**TASK OBJECTIVE**
Please transcribe the listing that follows exactly; images are to be excluded.

**DATA SHOWN**
****************

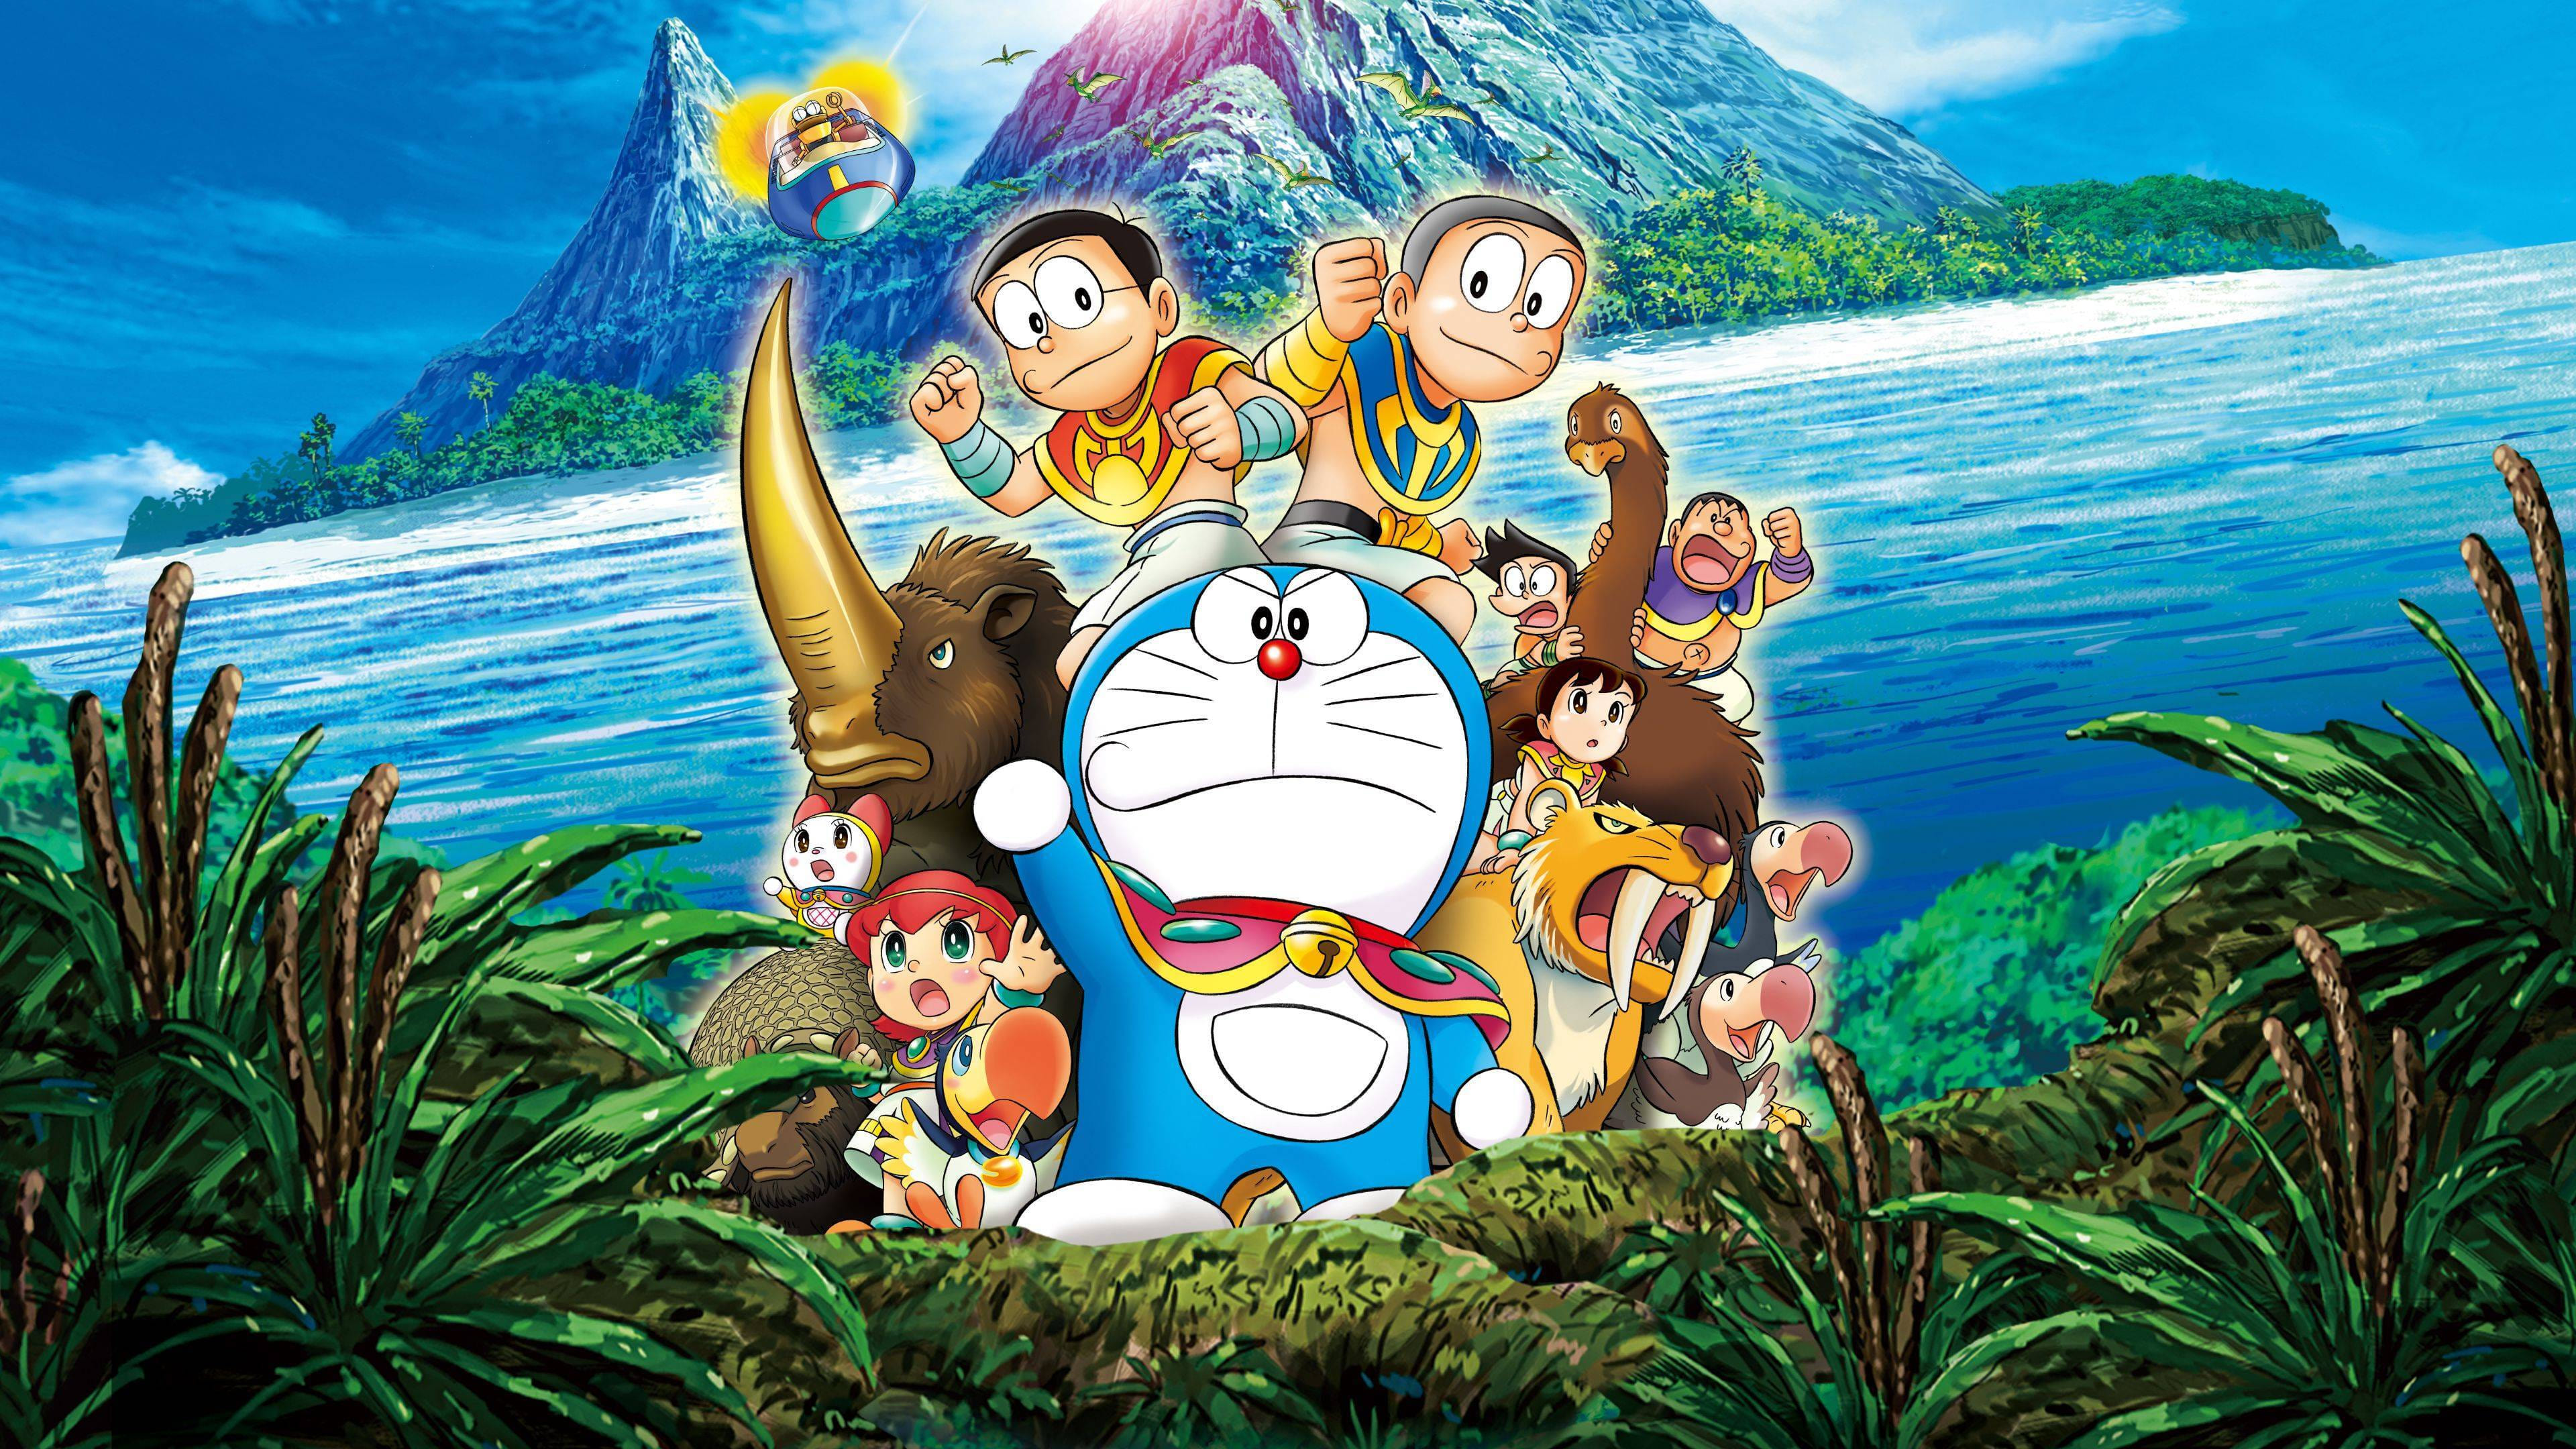 Poster Phim Doraemon: Nobita và Hòn Đảo Diệu Kì – Cuộc Phiêu Lưu Của Loài Thú (Doraemon: Nobita and the Island of Miracles - Animal Adventure)
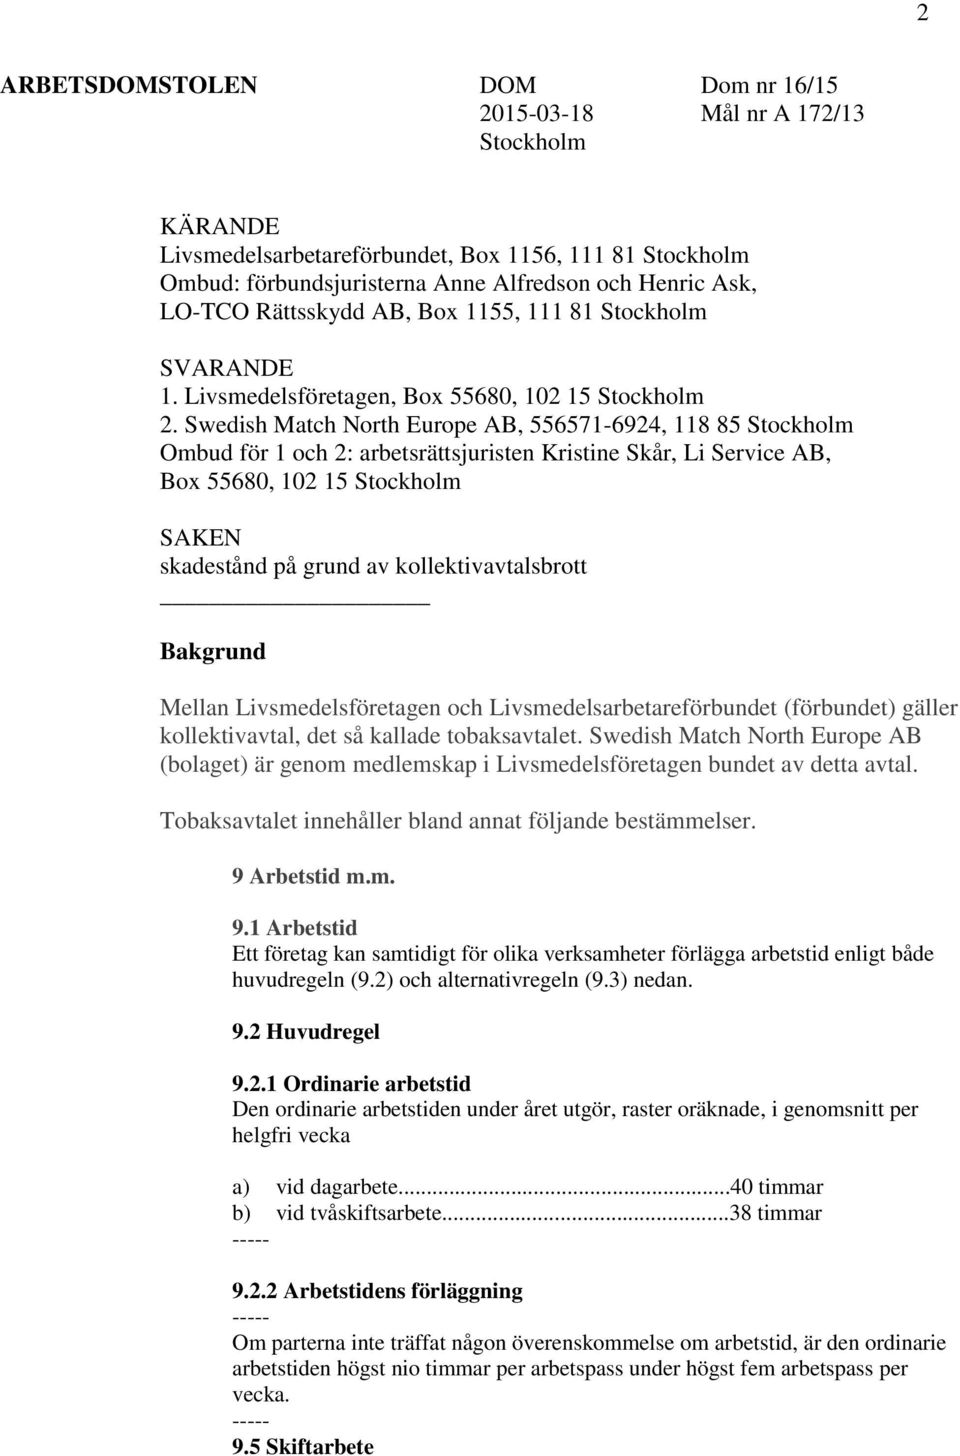 Swedish Match North Europe AB, 556571-6924, 118 85 Stockholm Ombud för 1 och 2: arbetsrättsjuristen Kristine Skår, Li Service AB, Box 55680, 102 15 Stockholm SAKEN skadestånd på grund av
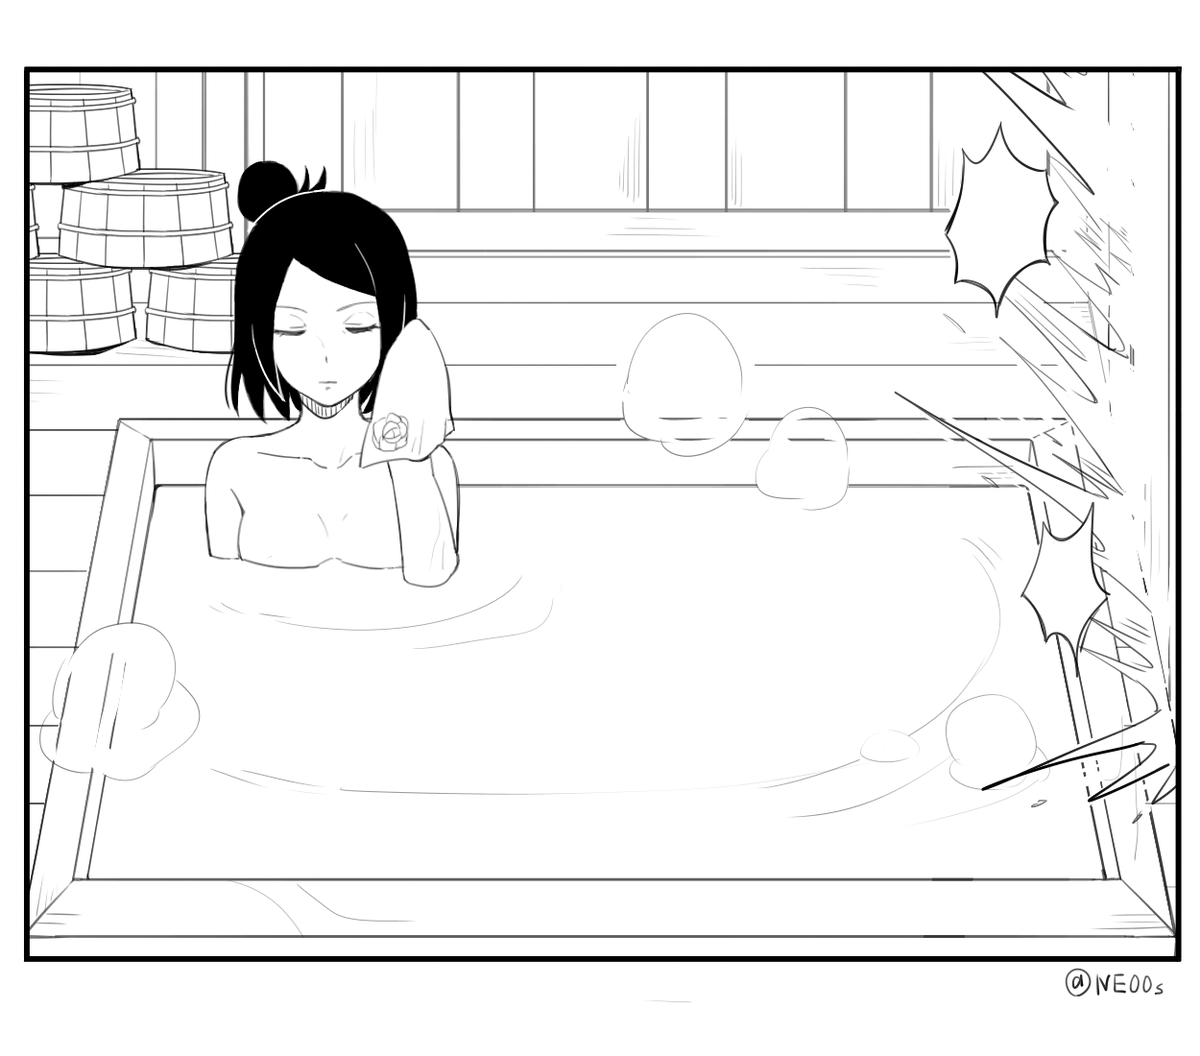 【NRT】風呂に入る暁 
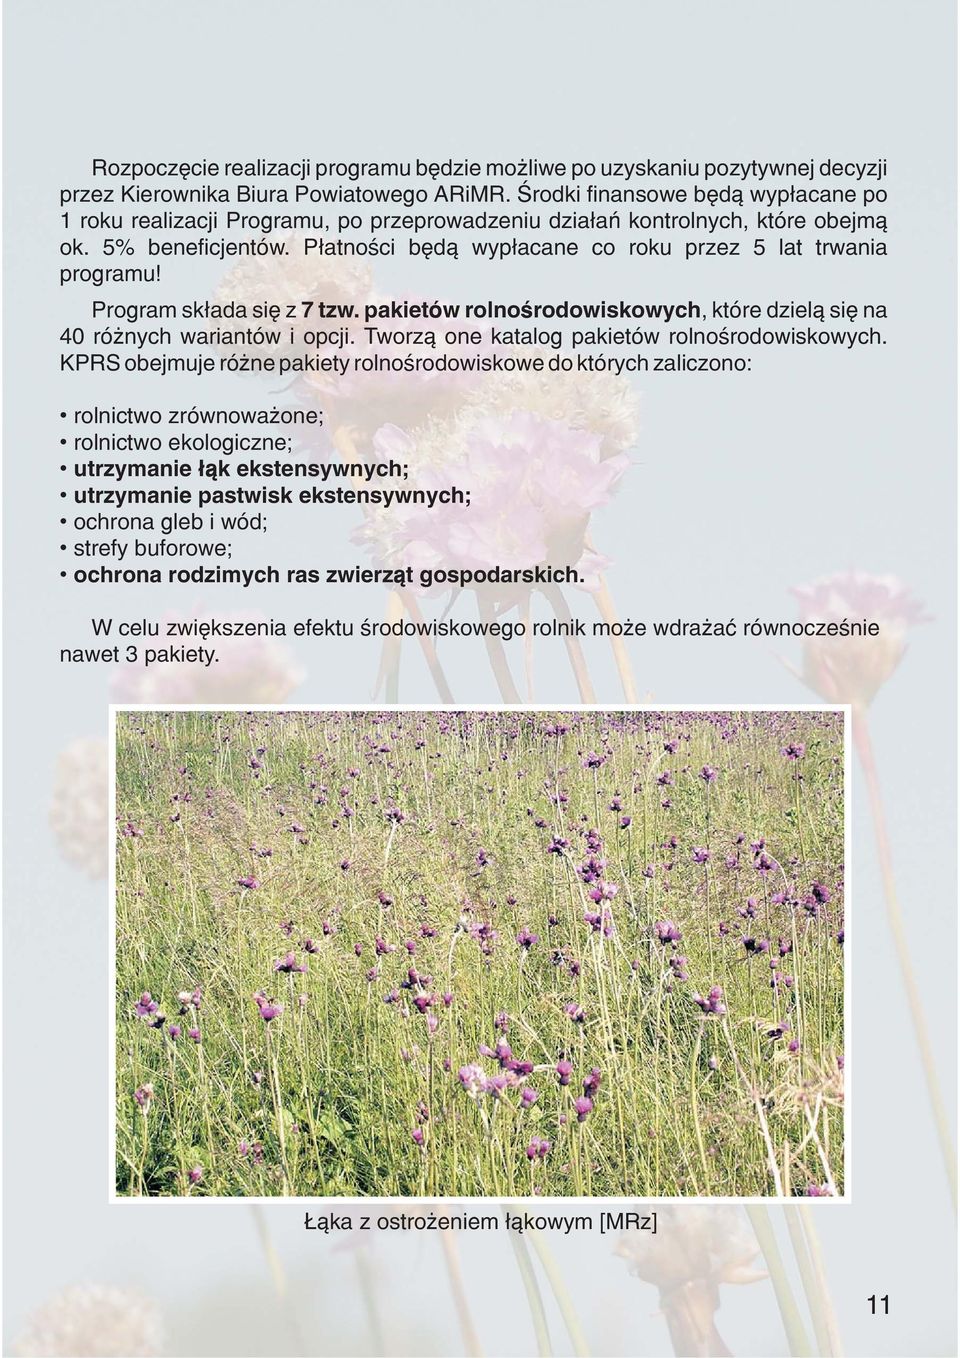 Program sk³ada siê z 7 tzw. pakietów rolnoœrodowiskowych, które dziel¹ siê na 40 ró nych wariantów i opcji. Tworz¹ one katalog pakietów rolnoœrodowiskowych.

****************

**WRITTEN ANSWER**
 Poster Phim Doraemon: Nobita và Hòn Đảo Diệu Kì – Cuộc Phiêu Lưu Của Loài Thú (Doraemon: Nobita and the Island of Miracles - Animal Adventure)
 Swedish Match North Europe AB, 556571-6924, 118 85 Stockholm Ombud för 1 och 2: arbetsrättsjuristen Kristine Skår, Li Service AB, Box 55680, 102 15 Stockholm SAKEN skadestånd på grund av
 【NRT】風呂に入る暁 
 Program sk³ada siê z 7 tzw. pakietów rolnoœrodowiskowych, które dziel¹ siê na 40 ró nych wariantów i opcji. Tworz¹ one katalog pakietów rolnoœrodowiskowych.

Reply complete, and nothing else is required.